Everlight (NG): The Everlight, as he is known, is an overdeity of mercy, compassion, healing, and peace that is worshipped far and wide throughout all lands. Even in the heart of Cudere Sanctus and the most sacred groves of Arcus, his temples are as common as those of the racial deities who preside over the majority of any given population. Most common folk offer praise to him regularly, and even those who actively follow another deity will often pray to him when it strikes their fancy. His followers believe in spreading compassion and peace wherever they go, and view murder, violence, and war as reprehensible. Especially in these days, following the devastation of the War, the Everlight’s following is incredible. The Everlight is usually depicted as a vaguely humanoid figure of pure, white light, standing behind two mountains with his arms held to either side, a glow like that of the sun coming from his body.

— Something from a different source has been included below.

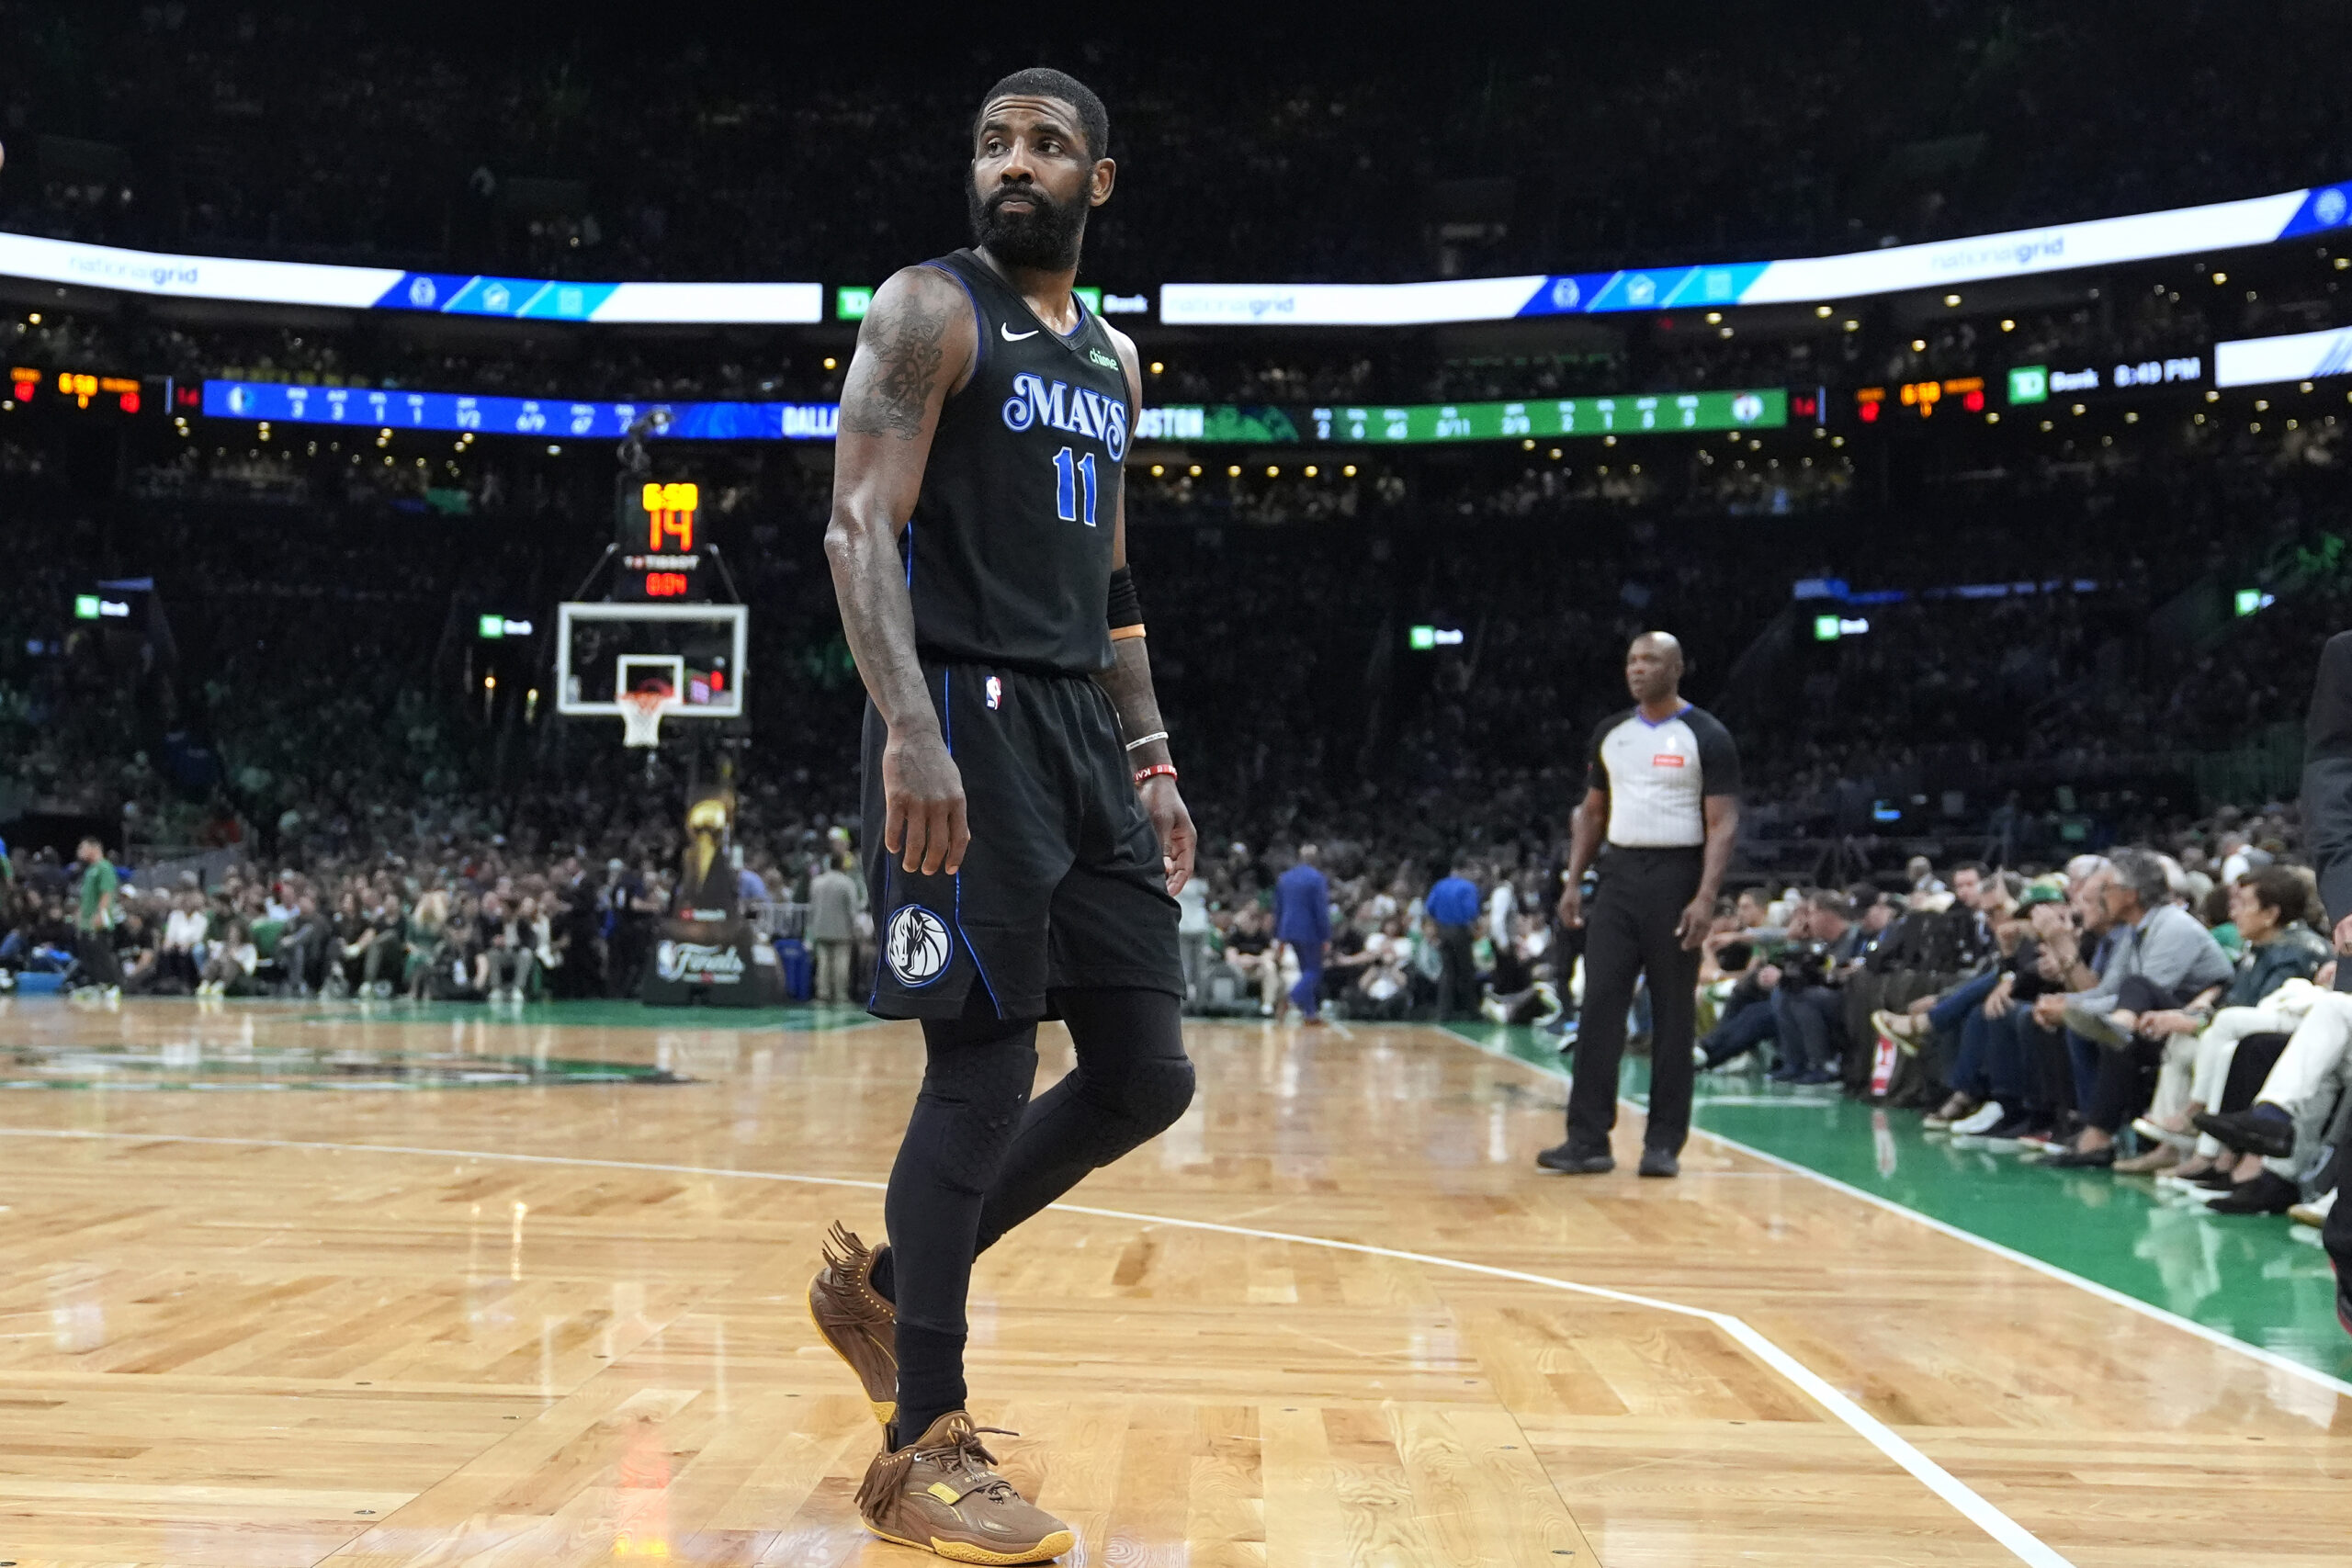 Kyrie Irving Dallas Mavericks vs Boston Celtics NBA Finals

His favored weapon is the quarterstaff, because it is better for long journeys than short bouts of violence and represents, to his followers, the virtues of their faith; that to kill will break the murderer as well as the victim, while to travel far and wide spreading a solid foundation of beliefs will lead to a long, prosperous life. The Everlight’s holy symbol is a white circle of light, and his domains are Good, Healing, Protection, and Travel.

Aequitas(LG): Known as ‘The Justiciar’, ‘Lawbringer’, and ‘The Merciful Judge’, Aequitas is the god of the crusaders and holy knights, and of anyone who seeks to right wrongs, free the innocent, and uphold law and justice. Aequitas’ followers believe that honor and virtue are the highest pinnacle of human existence, and that to lack the discipline of an honorable life is to be shameful to one’s race. Family is very important within the faith of Aequitas, for a proper upbringing is incredibly important to gaining discipline, and orphans are pitied more by the followers of Aequitas even than by other faiths. They judge none but those who have done wrong in their lives, however, and Aequitas’ followers are often in charge of orphanages and shelters for the homeless and needy in larger cities. Aequitas is usually depicted as a knightly figure composed of solid gold, a crown forged out of his head and studded with rubies and diamonds, and a greatsword clutched in his hands. His holy symbol is a golden square with a greatsword thrust downward through a crown. Aequitas’ favored weapon is therefore the greatsword, for its sheer might and as a symbol of strength and infallibility in the hands of his knight-clerics. Aequitas’ domains are Law, Good, Protection, Destruction, and War.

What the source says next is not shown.